I performed a BLAST search with Biopython from a FASTA file with 92 entries (goat.fasta
)
from Bio.Blast import NCBIWWW
from Bio.Blast import NCBIXML
import pandas as pd
fasta_string = open("goat.fasta").read()
result_handle = NCBIWWW.qblast("blastx", sequence = fasta_string, database = "refseq_protein", entrez_query = 'txid9606[ORGN]')
blast_records = NCBIXML.parse(result_handle)

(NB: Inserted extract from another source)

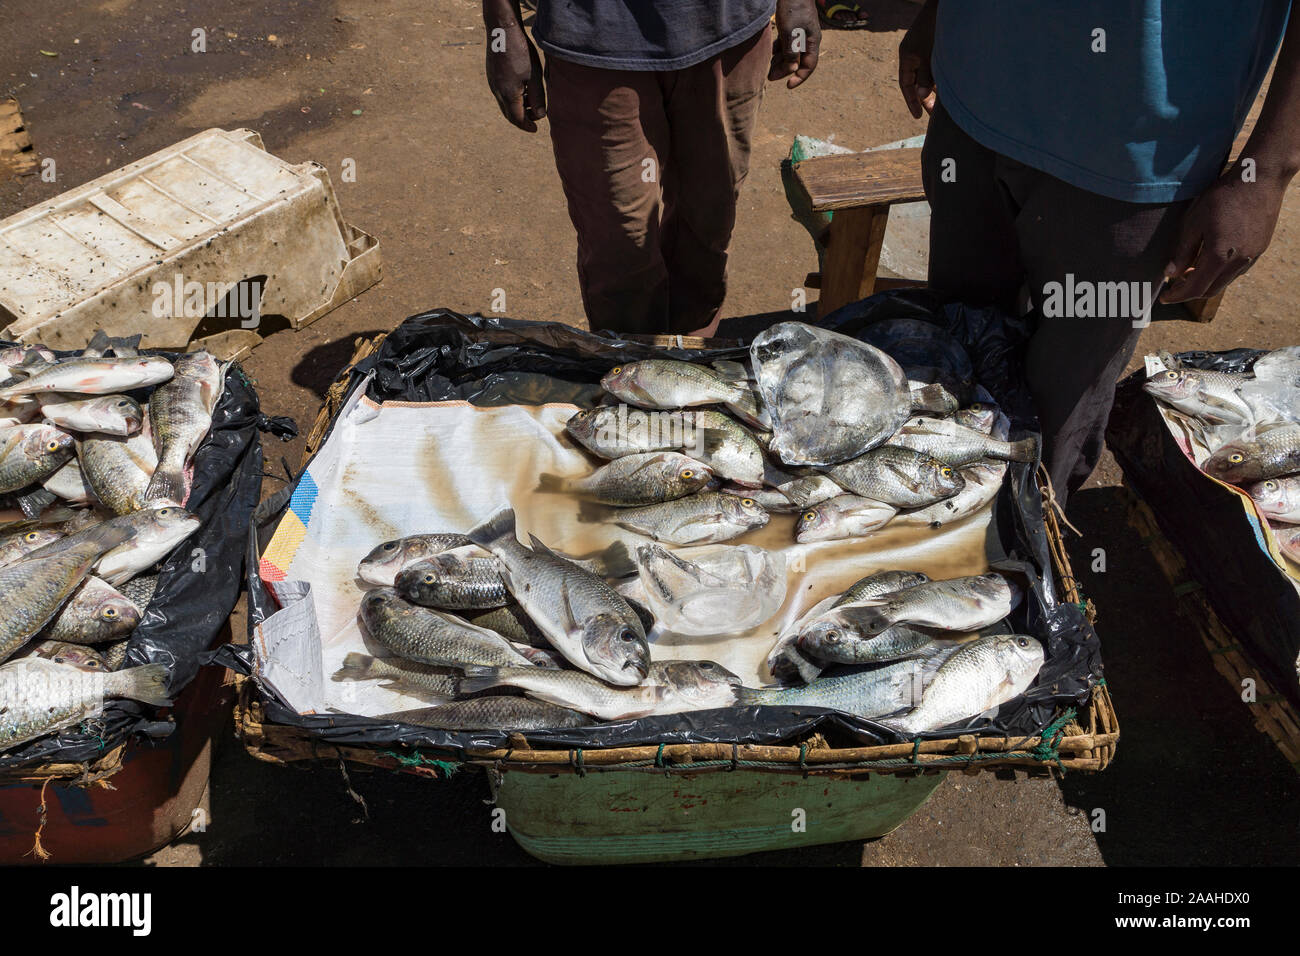 Cale dans le marché de Mzuzu, Malawi, vendant des poissons de chambo (Oreochromis lidole) capturés dans le lac Malawi Banque D'Images

blast_record_list = list(blast_records)
The variable blast_record_list
has a list of blast record objects that I would like to pull out the title of each alignment. Here are my two attempts at doing this, as well as the errors that I got
for entry in blast_record_list:
for alignment in entry:
for hsp in alignment.hsps:
print("sequence:", alignment.title)
Traceback (most recent call last):
File "<ipython-input-42-bb44df962013>", line 2, in <module>
for alignment in entry:
TypeError: 'Blast' object is not iterable
And
for alignment in blast_record_list[0:len(blast_record_list)].alignments:
for hsp in alignment.hsps:
print("****Alignment****")
print("sequence:", alignment.title)
Traceback (most recent call last):
File "<ipython-input-41-033f221fbc66>", line 1, in <module>
for alignment in blast_record_list[0:len(blast_record_list)].alignments:
AttributeError: 'list' object has no attribute 'alignments'
Can someone tell me what I am doing wrong here?
You may want to consider using the
SearchIO
module of BioPython instead of Pandas for this, since it already has a number of methods and data structures for handling blast data.